The next woman I went to seek out was playing solitaire on the computer. “Can I talk to you for a bit?”, I asked in Hebrew. “No, I don’t speak Hebrew.”

Okay, now I found someone who wanted to speak in Spanish. I told her I was happy to practice my Spanish with her. Another young woman who was also volunteering there joined us. Our new friend then went into great detail about her life in Israel. She told us how she had left Argentina just 17 years ago, so she still doesn’t feel comfortable in Hebrew. They lived on a kibbutz and she only had to work 2 hours a day. The kibbutz is close to Tzfat, but even a higher elevation, so the air is extremely clean and fresh, even more than Tzfat. But…

Something happened. There were 64 days that they didn’t hear anything from him. Can you imagine, not knowing what happened, for that long? Finally, on Monday afternoon at 6 pm, they heard.

And then we went back to talking about her son who lives in Acco (Acre) and works in the port, so she’s very worried about his safety with the rocket attacks, since he’s always in the open.

Finally it was lunch time and she was getting ready to leave.
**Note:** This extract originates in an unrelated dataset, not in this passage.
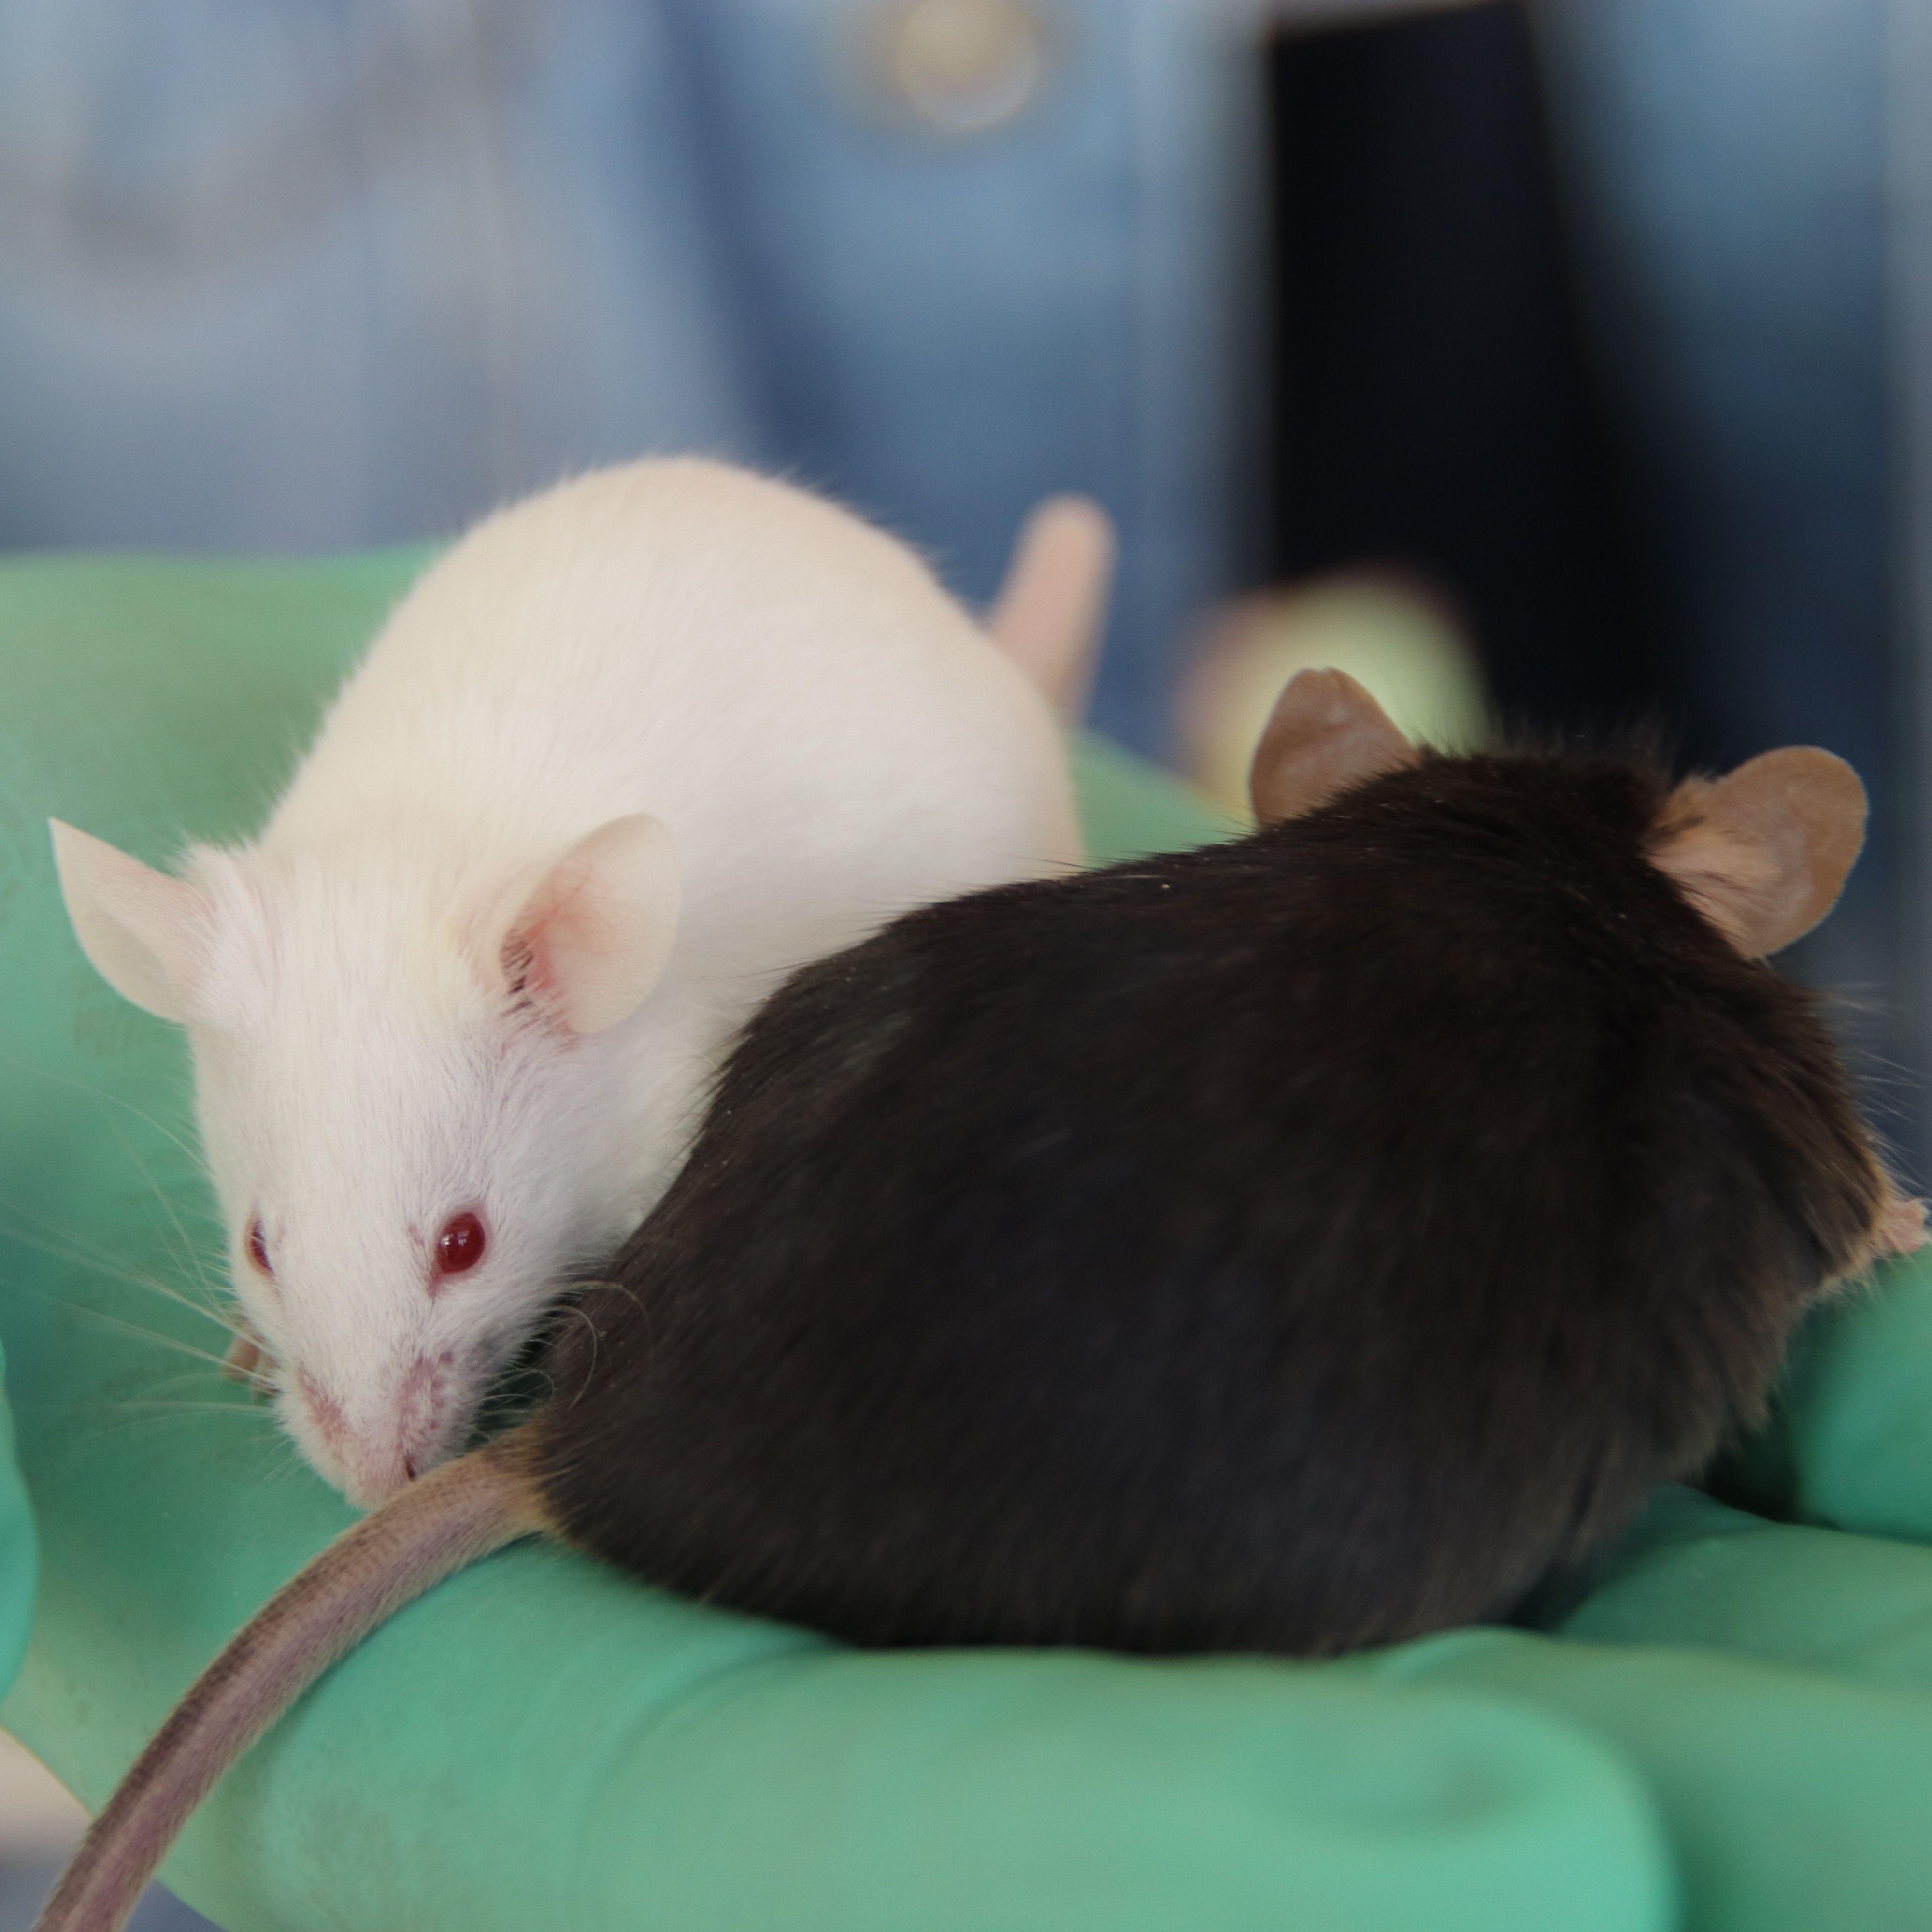 细胞生物学研究相关小鼠模型

Her smile was probably going to make her cheeks hurt later on that evening, and she hoped we would see her again soon. After she left, my  young comrade said to me, “I’m so glad you were here with me, so you could fill in the blanks of what I didn’t understand!”
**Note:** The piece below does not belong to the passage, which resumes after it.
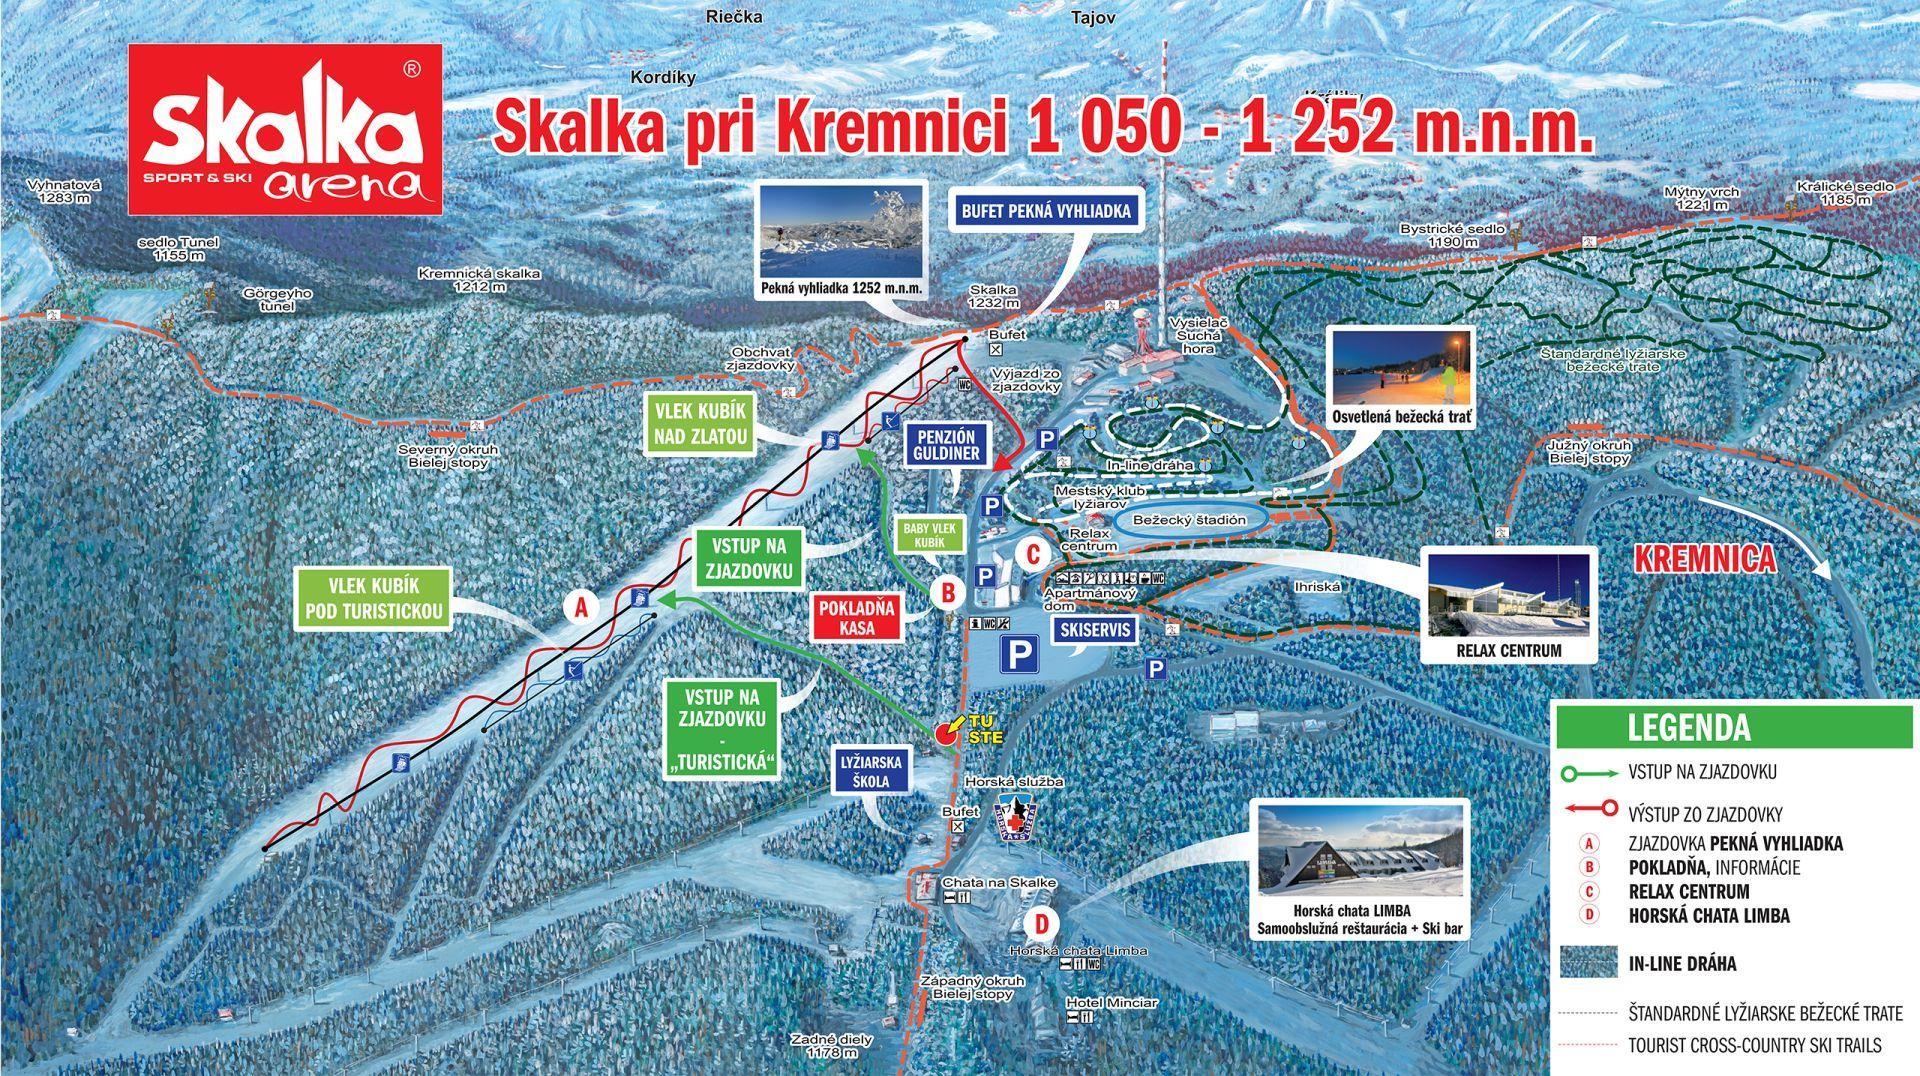 Skalka pri Kremnici Piste / Trail Map

“Oh, I was hoping the exact same thing from you!”

Simultaneously, we both said, “what was the bit about the 64 days? Who was missing and what happened to him????”

And we laughed, knowing it didn’t matter. We were listening now.

Today, I went in to meet up with my new friends. I was eager to find a way to figure out what really happened. But she did not want to speak today. The war is hard on her mind. She would rather stay playing solitaire on the computer. So I honored her and went to find some other friends.

I heard so much pain and so much experience from my friends. I hope to always be able to listen and learn.